70's redux?

Paul Krugman has an op-ed on why this is not your father's inflation:

Here’s an example of the way things used to be: In May 1981, the United Mine Workers signed a contract with coal mine operators locking in wage increases averaging 11 percent a year over the next three years. The union demanded such a large pay hike because it expected the double-digit inflation of the late 1970s to continue; the mine owners thought they could afford to meet the union’s demands because they expected big future increases in coal prices, which had risen 40 percent over the previous three years.

At the time, the mine workers’ settlement wasn’t at all unusual: many workers were getting comparable contracts.
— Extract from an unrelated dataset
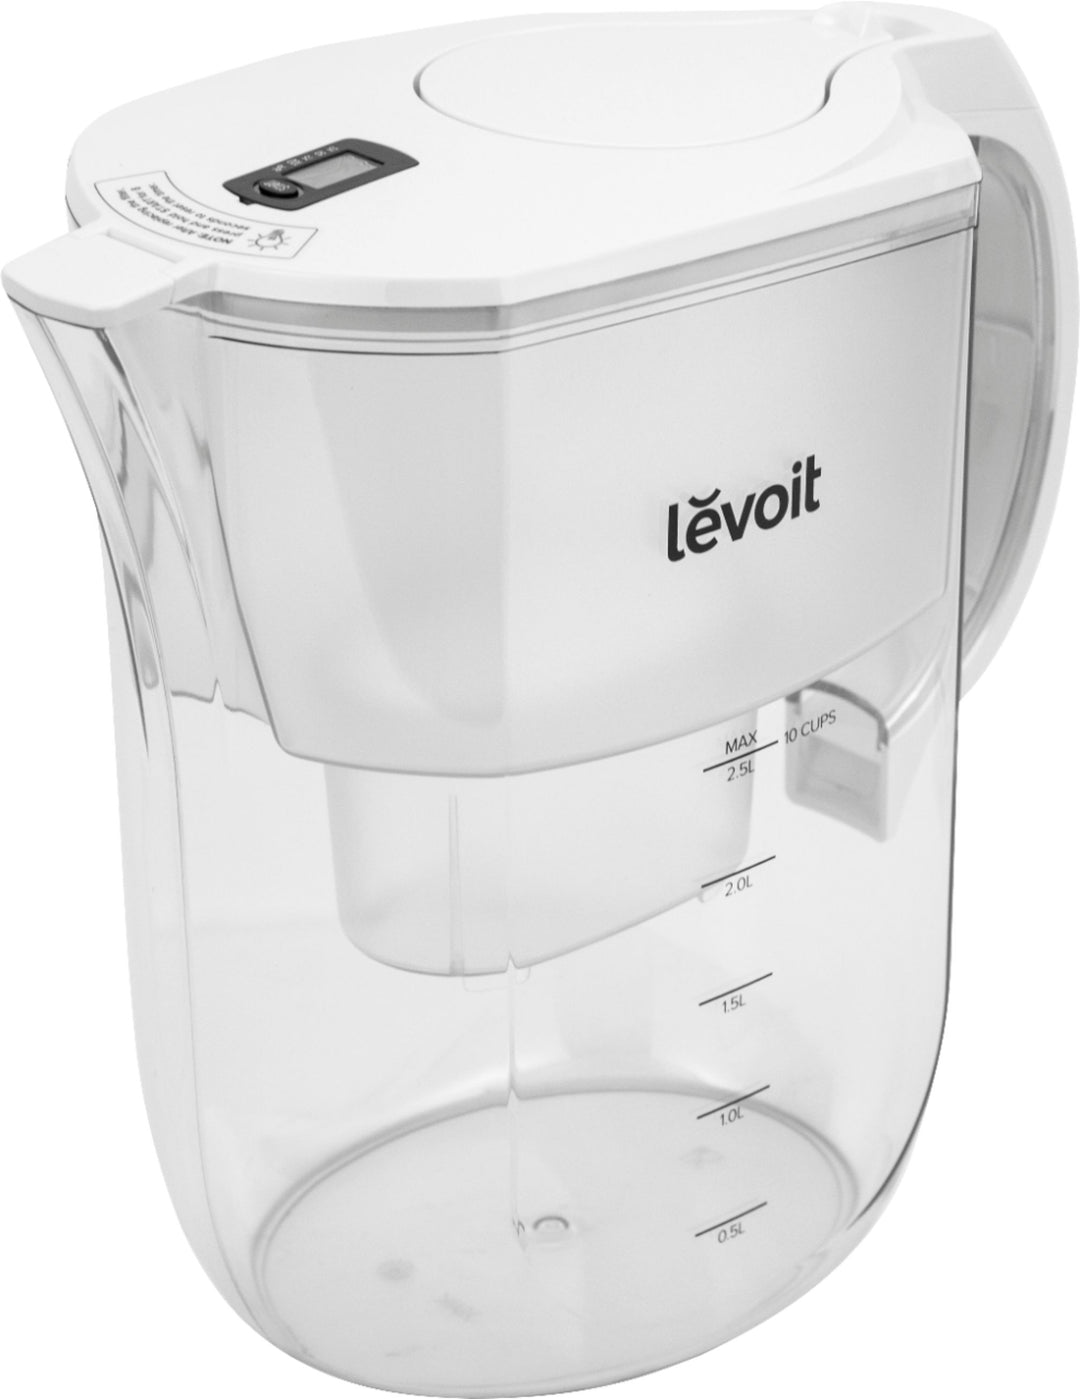 Levoit - Water Filter Pitcher - White_1

Workers and employers were, in effect, engaged in a game of leapfrog: workers would demand big wage increases to keep up with inflation, corporations would pass these higher wages on in prices, rising prices would lead to another round of wage demands, and so on.

Once that sort of self-sustaining inflationary process gets under way, it’s very hard to stop. In fact, it took a very severe recession, the worst slump since the 1930s, to get rid of the inflationary legacy of the 1970s.

But as I said, this time around there’s no wage-price spiral in sight.

The inflation hawks point out that consumers are, for the first time in decades, telling pollsters that they expect a sharp rise in prices over the next year. Fair enough.

But where are the unions demanding 11-percent-a-year wage increases? (Where are the unions, period?) Consumers are worried about inflation, but you have to search far and wide to find workers demanding compensation in the form of higher wages, let alone employers willing to accept those demands. In fact, wage growth actually seems to be slowing, thanks to the weakness of the job market.

There's a conundrum here: people really value job security and predictible wage increase. But job security makes the economy much more rigid. When labor prices are calculated over three year periods, it takes a really nasty adjustment to wrench the economy around in the event of a shock. That's what Paul Volcker provided in the form of interest rates that briefly topped 20%, and the deepest recession since the Great Depression. Those kinds of long term coontracts ease the initial shock, but make the adjustment more jarring in the long run.

This is probably a good metaphor for life, actually. The longer you remain in denial, the harder it becomes to face reality.